Song by Ian Hunter

from the album You're Never Alone with a Schizophrenic
- Released: March 27, 1979
- Genre: Rock
- Length: 3:48
- Label: Chrysalis
- Songwriter: Ian Hunter
- Producers: Mick Ronson, Ian Hunter

= Cleveland Rocks =

"Cleveland Rocks" is a rock song by Ian Hunter from his 1979 album You're Never Alone with a Schizophrenic. The song is about the city of Cleveland, Ohio and how it rocks. It is seen as a de facto anthem in that city. The song was played every Friday at 5:00 PM on Cleveland radio station WMMS beginning in 1979 and is used as a victory song for the city's sports teams. In recognition of "Cleveland Rocks", Hunter was given the key to the city by Cleveland mayor Dennis Kucinich on June 19, 1979. A cover of the song by The Presidents of the United States of America was used as the theme song for The Drew Carey Show.

==Origins==
The song was inspired in part by the songwriter's desire to counteract the poor reputation of a city for which he had some affection. Hunter states on his web site, "the inspiration for 'Cleveland Rocks' goes back to the old days when people used to make fun of Cleveland. Cleveland was 'uncool' and LA and NYC were 'cool'. I didn't see it that way. Lotta heart in Cleveland."

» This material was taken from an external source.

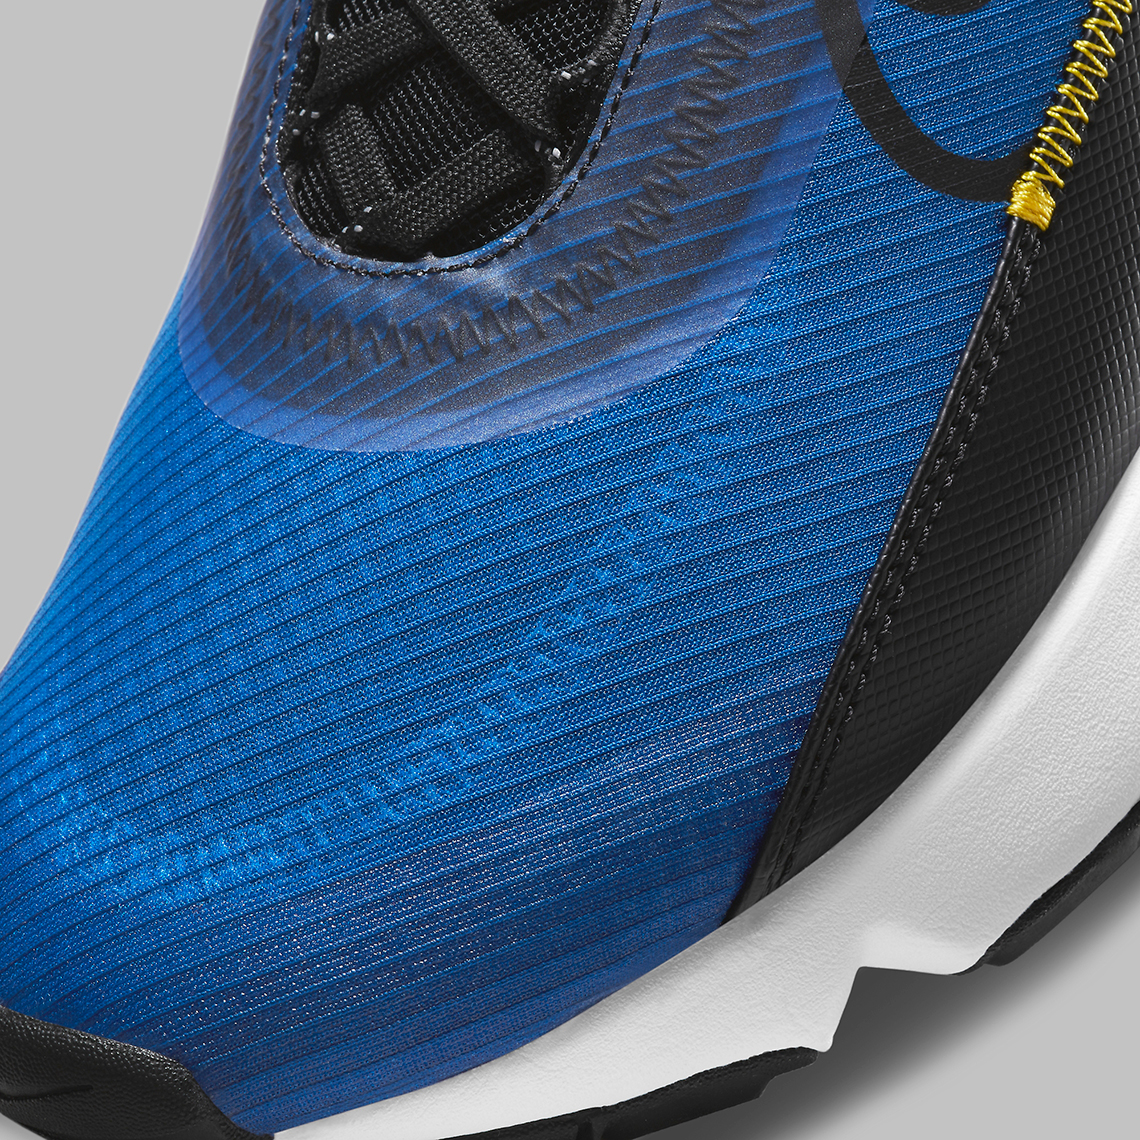 Nike Air Max 2090 Blue Black CV8835-400 | SneakerNews.com

The song was first released in 1977 under the title "England Rocks" on a single in the United Kingdom, predating the release of the "Cleveland" version by two years. Hunter has maintained, however, that Cleveland was the original subject of the song, stating on his web site, "I originally wrote 'Cleveland Rocks' for Cleveland. I changed it later to 'England Rocks' because I thought it should be a single somewhere and Columbia wouldn't release it as a single in the U.S. (too regional). 'Cleveland Rocks' is Cleveland's song and that's the truth."

A live version of "Cleveland Rocks" appears on Hunter's 1980 album Welcome to the Club and on the soundtrack to the 1987 film Light of Day, a movie with Joan Jett and Michael J. Fox that is based in Cleveland.

The "England Rocks" version appears on the compilation albums Shades of Ian Hunter: The Ballad of Ian Hunter and Mott the Hoople and The Very Best of Ian Hunter, as well on the CD re-issue of Hunter's 1977 album Overnight Angels.

The original version also serves as an unofficial tribute to the history of rock and roll, as at the beginning of the song, it has an archival sample of Cleveland disc jockey Alan Freed introducing his show on WJW, The Moondog Show, before suddenly segueing into the intro to "Cleveland Rocks". (Freed had been deceased for fourteen years at the time of the release of "Cleveland Rocks".) Freed's show on WJW launched several rock and roll acts in the early days of the genre, and would form part of the basis of opening the Rock and Roll Hall of Fame in Cleveland sixteen years later. Hunter performed "Cleveland Rocks" in the pregame ceremonies of Game 3 of the 2007 NBA Finals at Quicken Loans Arena—the first NBA Finals game played in the state of Ohio.

==Reception==
Smash Hits said, "The man who launched a thousand poseurs (along with Bowie about the most influential figure of the mid-seventies) returns with a furious, huge production of a number which isn't a million miles away from his 'All the Way from Memphis' classic."

==Cover versions==

The song was covered in 1997 by The Presidents of the United States of America as the opening theme of the television program The Drew Carey Show, a situation comedy set in Cleveland. It accompanied a lavish opening sequence in which the cast lip-synced the song while performing elaborate choreography. The band covered the entire song with the exception of the portion that said "find a place, grab a space, and yell and scream for more.” Only part of the covered portion was used for the Drew Carey theme. At the beginning of the recording, Drew Carey (a native of Cleveland) can be heard saying "Hey!" and then laughing, and at the end shouting "Ohio!" to an echoing effect. The latter soundbite appears in both the theme song and the full-length version of the song, and is a direct remake of the original, which has a similar "Ohio!" soundbyte at the end. The song is a track on the album Cleveland Rocks! Music from The Drew Carey Show as well as on the band's compilation Pure Frosting. This version is traditionally played after a home win for either the Cleveland Guardians or Cleveland Cavaliers. Although it was never played for the Cleveland Browns, Carey had the Browns fans chant "Cleveland Rocks!" when the team returned to playing in the city in 1999. The song's title has also been referenced several times on The Price is Right, which Carey has hosted since 2007.

Hunter's original version would later open a Drew Carey "mistakes" episode. For the final season of Drew Carey, the theme song was performed in a different musical style for each episode (as were the previous two themes, "Moon Over Parma" from the first season and "Five O'Clock World" from the second).